Barcoded mutant collections have been generated in budding (Giaever et al., 1999, 2002) and fission yeast (Kennedy et al., 2008; Kim et al., 2010; Chen et al., 2012), allowing assessment of individual strain fitness in pooled cultures under selective conditions (reviewed by North and Vulpe, 2010; dos Santos et al., 2012). This technique, known as functional profiling, functional genomics, chemical genomics, or chemical-genetic profiling, can identify the genetic requirements for tolerance to any substance that causes measurable growth inhibition in yeast. Figure 2 demonstrates the screening process, while Table 1 provides a summary of recent functional studies. Homozygous profiling (HOP) utilizes strains deleted for non-essential genes to establish the genetic requirements for chemical tolerance, while haploinsufficiency profiling (HIP) detects strains sensitized to a chemical targeting the product of their corresponding heterozygous locus (for a review, see Smith et al., 2010a). In brief, DNA sequences (“barcodes”) uniquely identifying each deletion strain enable parallel growth analyses with thousands of pooled mutants exposed to a chemical of interest. A PCR amplification of the barcodes and their subsequent quantification via microarray hybridization or sequencing allows for discovery of strains with altered growth in the particular substance. The decreased abundance by mRNA perturbation (dAMP) collection complements heterozygote profiling by destabilizing a gene's mRNA (and thus depleting the encoded protein) via disruption of 3′-untranslated regions (Yan et al., 2008). An additional tool that may benefit functional toxicology is the barcoded yeast overexpression library (Ho et al., 2009; Douglas et al., 2012). Similar to HOP and HIP, this technique enables highly parallel and systematic investigations of overexpression phenotypes in pooled cultures. Finally, a novel “functional variomics” approach utilizes high-complexity random mutagenesis to identify genes conferring drug resistance due to mutations or overexpression (Huang et al., 2013a). The advent of multiplexed high-throughput barcode sequencing of pooled cultures (Han et al., 2010; Smith et al., 2010b) promises a future of expedited and cost efficient functional genomic analyses.

Figure 2

Overview of functional profiling in yeast. About 4600 deletion strains uniquely identified by DNA sequences (barcodes) are pooled and exposed to a toxicant at multiple doses and generation times (5 or 15). Barcodes are amplified from purified genomic DNA by PCR and counted by hybridization to a microarray or high-throughput sequencing methods. Subsequent analyses of individual strains can confirm susceptibility or resistance to the toxicant.

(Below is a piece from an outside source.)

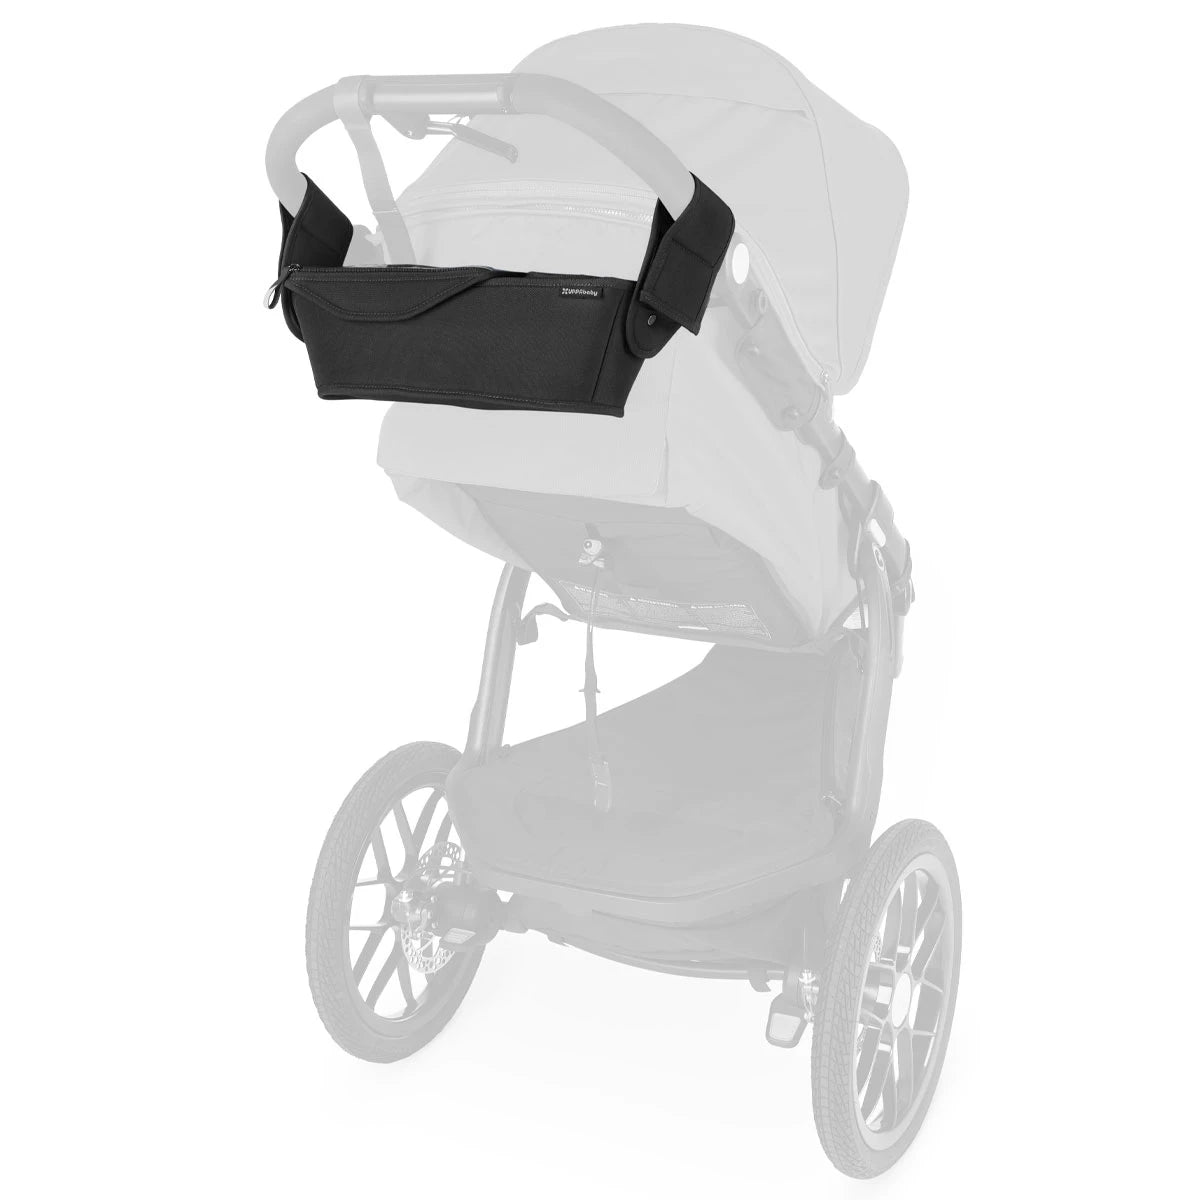 UPPAbaby Parent Console for RIDGE 2

The functional tools available in yeast provide unmatched resources for inquiries into potential cellular and molecular mechanisms of toxicity. Such analyses have informed functional experimentation in more complex organisms such as zebrafish or human cell lines. For example, Ishizaki et al. (2010) utilized a yeast chemical-genetic screen to reveal that intracellular trafficking defects conferred sensitivity to copper limitation, and further reported that knockdown of zebrafish homologs to these yeast genes sensitized fish to copper-dependent hypopigmentation, a hallmark of copper deficiency in humans. Following identification of the Sas2p histone acetyltransferase as a modulator of arsenite tolerance in yeast, knockdown of its homolog MYST1 in human bladder epithelial cells was found to similarly induce arsenite sensitivity (Jo et al., 2009a,b). Another group demonstrated that the investigational cancer drug elesclomol affected electron transport mutants in yeast and extended their analysis by determining that elesclomol interacted with the electron transport chain in human cells (Blackman et al., 2012). Likewise, a functional screen in yeast identified mitochondrial translation inhibition as the lethality mechanism of the antimicrobial and antileukemic compound tigecycline, and this activity was confirmed in leukemic cells (Skrtić et al., 2011). Finally, Jo et al. (2009a) used yeast to show that a S-adenosylmethionine dependent methyltransferase conferred resistance to various arsenic species, while Ren et al. (2011) showed the corresponding gene in humans (N6AMT1) could metabolize arsenic in human urothelial cells. Harari et al. (2013) expanded upon these studies by demonstrating that N6AMT1 polymorphisms were associated with arsenic methylation in Andean women, and posited that the polymorphisms could be used as susceptibility markers for arsenic toxicity.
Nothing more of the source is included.